The areas of data and content governance

The areas of data and content governance

First, data mapping involves data transformation, such as setting a standard Date format like MM-DD-YYYY for all your databases. Data cleaning like this can be a project itself so it is often counted separate from data mapping. Second, data mapping is considered a phase of data modeling. Data models are the framework of data maps. A data model is like an outer-shell that shapes how data flows through your systems. Data professionals and business stakeholders work together to decide what data models look like. Once they decide on data models, data mapping begins. Analysts or stewards fill in those frameworks with organized data. These data projects are all part of the modern governance workflow.

The intersection between data mapping and data prep

Gif of data being quickly grouped by common characters in Tableau Prep Builder

Data mapping can involve data prep work. Data pros have to ensure the databases are ready before merging them together and mapping them to their final destination. Data prep doesn’t need to be a manual process either. Tableau’s Prep Builder helps streamline data cleaning at any coding skill level. Like automated data mapping tools, Prep involves drag-and-drop features in a visual interface but also supports Python and R integrations for advanced techniques and custom code.

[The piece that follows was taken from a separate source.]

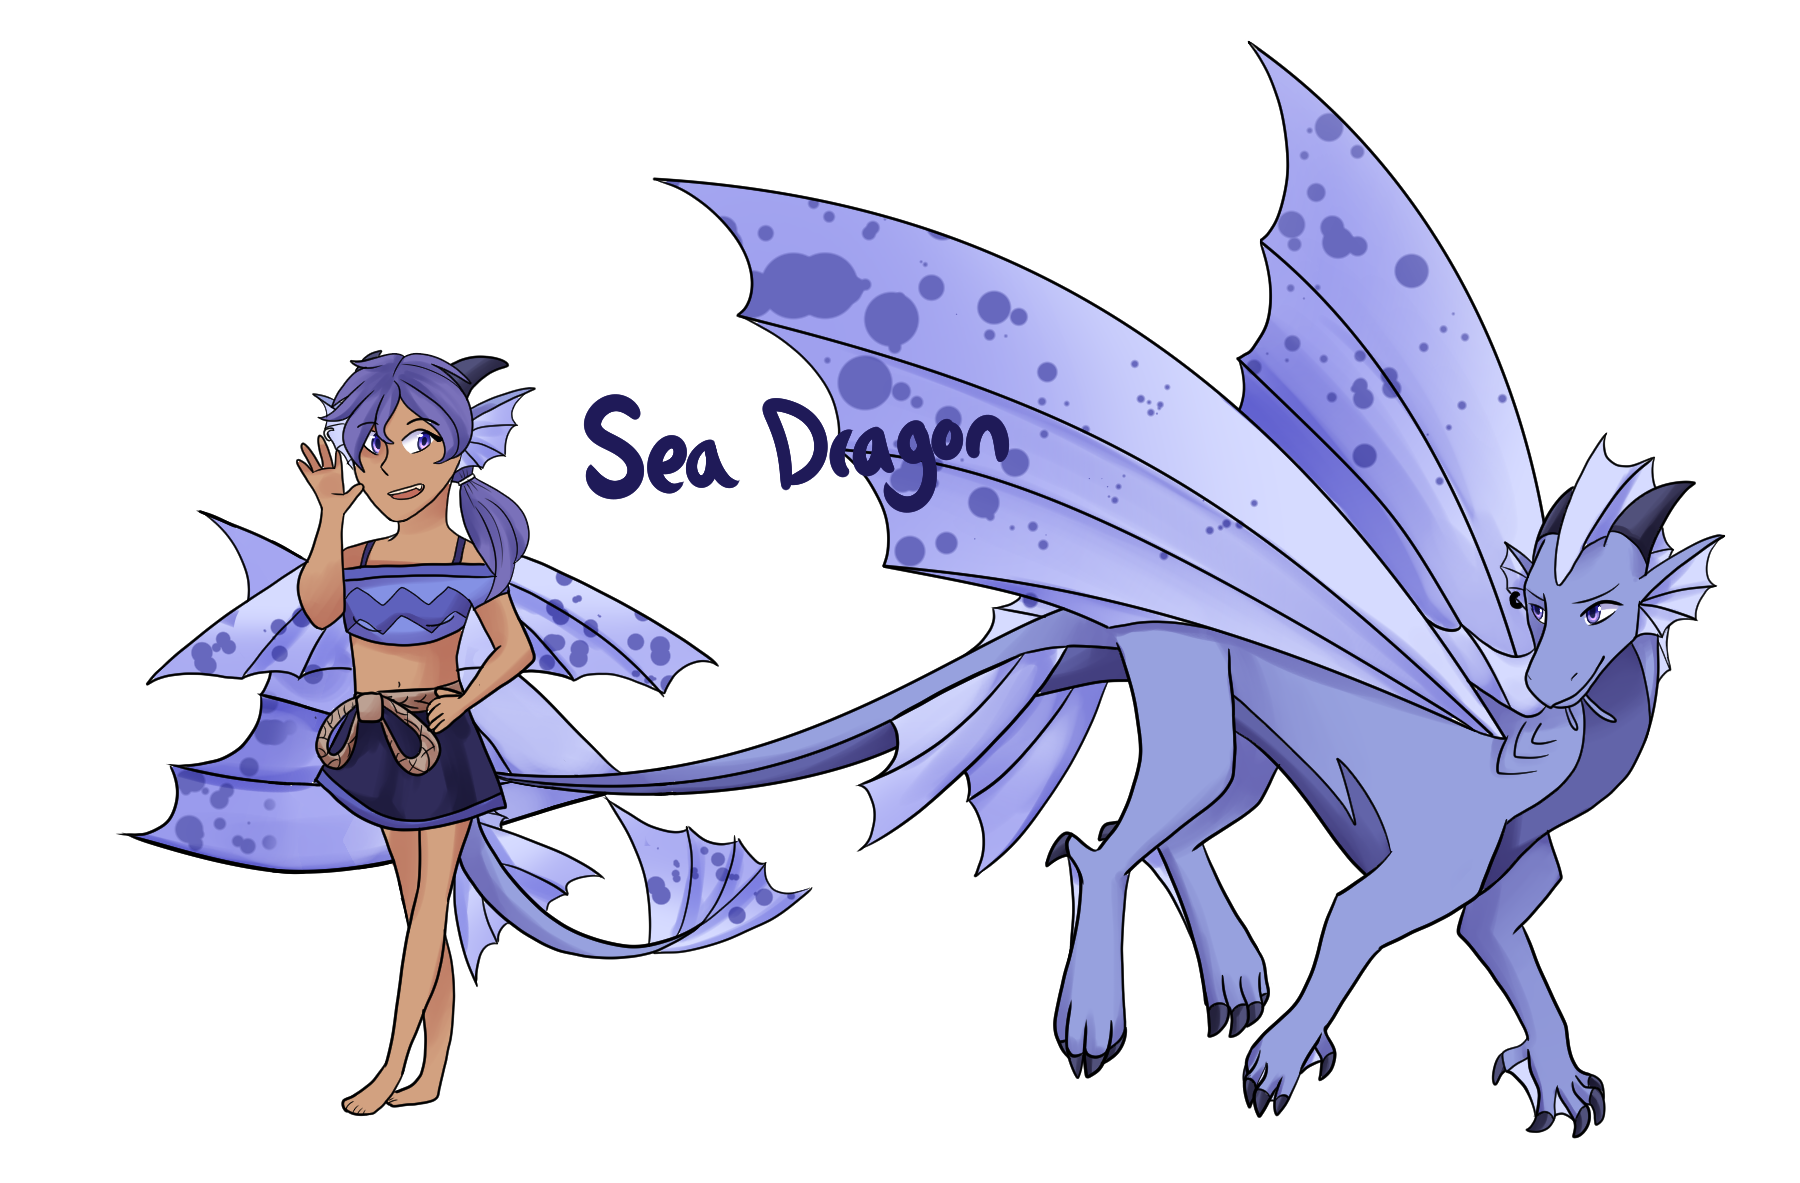 Uwu ocean dragon, her name is Clarissa

What you need for a data mapping template

You may have trouble visualizing what the process of data mapping looks like, but following this simple outline will reveal how values and attributes are matched. Documentation is also very important to maintain your data map over time so here are the required variables to document that will ensure a successful outcome:

  • The name of the Source database tables that you will transform or join together
  • The name of the Destination or Target database where the information will live after transformation or transfer
  • The columns or values of the data tables you are mapping (Name in SourceDatabase, StudentName in TargetDatabase)
  • Know the final format of the data after you transform or move it
  • What will trigger the data transfer or data integration of the databases
  • When and how often automation flows will run, and how to troubleshoot failure

This template can be in a simple spreadsheet to share with others and sets the standard moving forward. Now get started and take this important step in data management to start developing a data culture in your company where all information is accounted for, but not duplicated.